Wen: George ran


Translation: Good luck


Source:
Towardsdatascience.com/23-great-pa…

There are 23 codes for data analysts to help you understand data better! Pandas is an open source, BSD-licensed library that provides high-performance, easy-to-use data structures and analysis tools for the Python programming language. If you are not familiar with it, you can copy the link to the official website and learn about it in 10 minutes: pandas.pydata.org/pandas-docs…


The application case collection can also be viewed at: pandas.pydata.org/pandas-docs…


(1) Read the CSV data set

Pd. DataFrame. From_csv (" csv_file ")Copy the code

Or:

Pd. Read_csv (" csv_file ")Copy the code


(2) Read the Excel data set

pd.read_excel("excel_file")
Copy the code


(3) Write data directly to CSV

The data are separated by commas and have no index:

df.to_csv("data.csv", sep=",", index=False)
Copy the code


(4) Characteristic information of basic data set

df.info()
Copy the code


(5) Statistical results of basic data sets

print(df.describe())
Copy the code


(6) Print data in table form

print(tabulate(print_table, headers=headers))
Copy the code

Print_table is a list column, and headers is a string header column


(7) List column names

df.columns
Copy the code


Basic data processing


(8) Delete the missing data

df.dropna(axis=0, how='any')
Copy the code

Returns the objects labeled on the given axis, discarding the corresponding data one by one.


(9) Replace lost data

df.replace(to_replace=None, value=None)
Copy the code

Replace the value given in “to_replace” with the value of “value”.


(10) Check NAN

pd.isnull(object)
Copy the code

Detect missing values (NaN in numeric arrays, None and NaN in object arrays)


(11) Delete features

df.drop('feature_variable_name', axis=1)
Copy the code

Axes 0 represent rows and 1 represent columns


(12) Convert object type to float

pd.to_numeric(df["feature_name"], errors='coerce')
Copy the code

Convert object types to numerals for evaluation (if they are strings)


(13) Convert data to Numpy array

df.as_matrix()
Copy the code


(14) Get the header “N” line of data

df.head(n)
Copy the code


(15) Obtain data by feature name

df.loc[feature_name] 
Copy the code


(16) Apply functions to data

This function multiplies all values in the height column of the data by 2

df["height"].apply(*lambda* height: 2 * height)
Copy the code

Or:

def multiply(x):

 return x * 2

df["height"].apply(multiply)
Copy the code


(17) Rename data column

Here we rename column 3 of the data to “size”

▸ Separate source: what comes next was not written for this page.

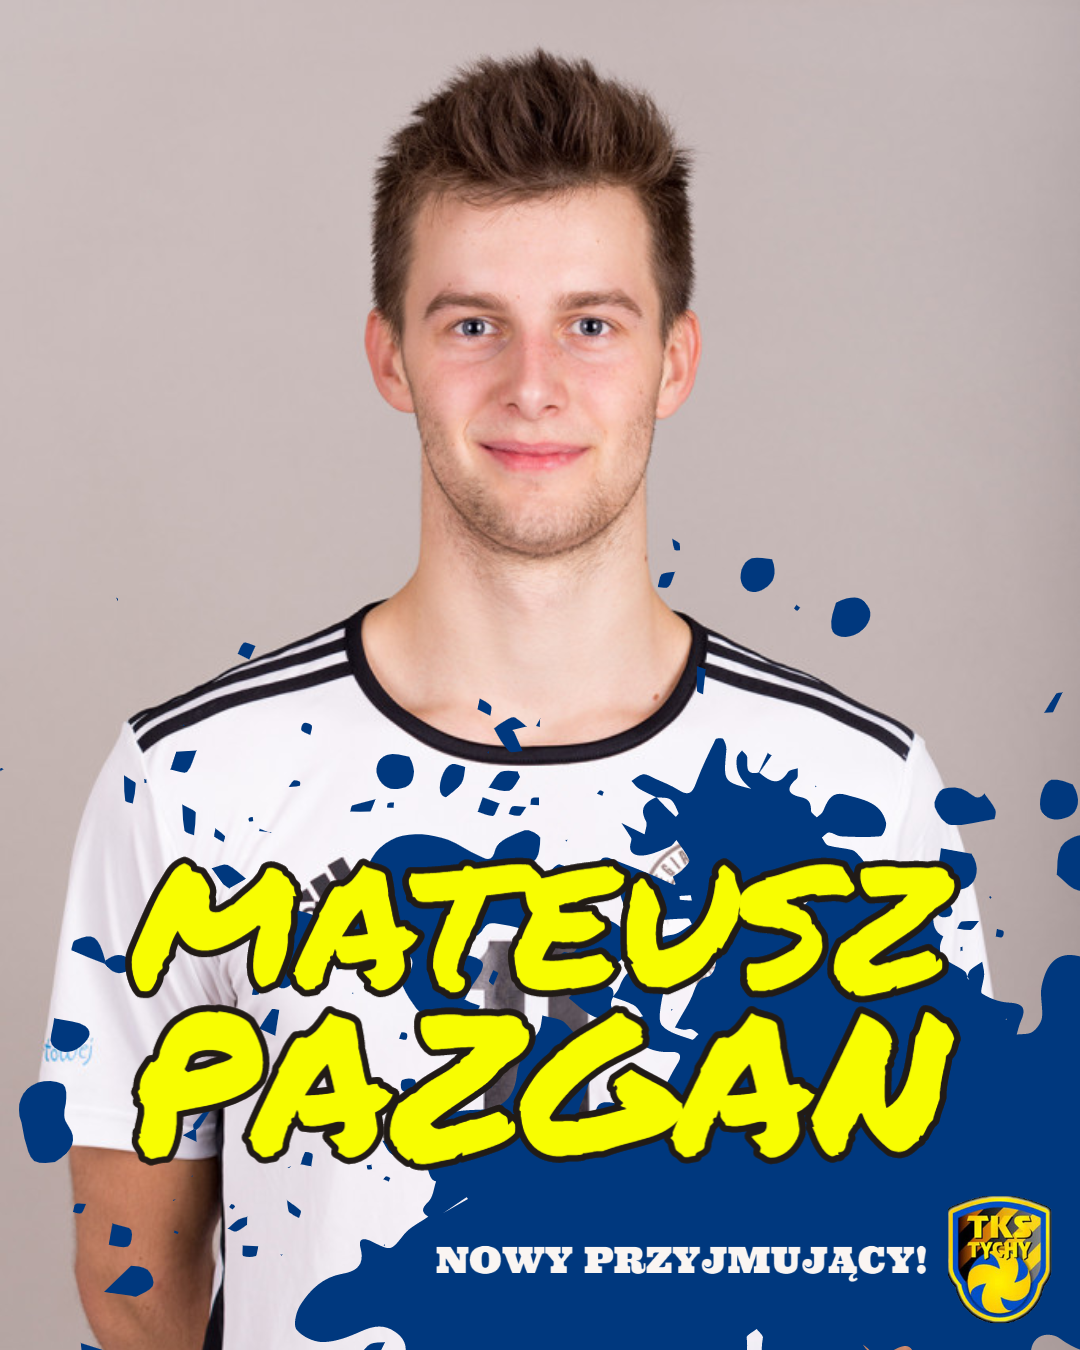  Mateusz Pazgan - nowy przyjmujący! 😁🤙

df.rename(columns = {df.columns[2]:'size'}, inplace=True)
Copy the code


(18) Extract a column separately

df["name"].unique()
Copy the code


(19) Access sub-data

We select the “Name” and “size” columns from the data

new_df = df[["name"."size"]]
Copy the code


(20) Summarize data information

Df.sum ()
Df.min ()
Df.max ()
# minimum index df.idxmin()
Df.idxmax ()
Df.describe ()
Df.mean ()
Df.median ()
Copy the code


(21) Sort the data

df.sort_values(ascending = False)
Copy the code


(22) Boolean index

Here we filter the “size” data column to display a value equal to 5:

df[df["size"] = = 5)Copy the code


(23) Select a value

Select the first row of the “size” column:

df.loc([0], ['size'])
Copy the code



So how do programmers systematically learn data analysis?

Through career path planning, Udacity one-stop learning of “Data science” college courses, combined with silicon Valley authoritative course content, famous enterprise practical projects and personalized learning guidance, to help each student to avoid detdettions in the career path of “data science”, and zero pressure entry. Short-term, efficient learning of the knowledge and experience necessary for each stage and career path.

You can find the study plan suitable for yourself in “Youda Data Science Institute”, and under the guidance of industry experts, avoid learning mistakes, effectively master the core skills of data analysis, easily far more than competitors in the industry, and get a high salary Offer!




If you fall into one of these categories:

  • Negative data/statistical basis, want to add data talent bonus white;
  • Have some programming experience, facing career and annual salary bottleneck transition;
  • Professionals who want to pursue a career in data science or academia;

The Udacity Data Science School will provide you with a clearer and more efficient learning path, enabling you to master core technologies, gain rich practical experience, and quickly improve your competitiveness in the workplace.


Come and experience our new college BA!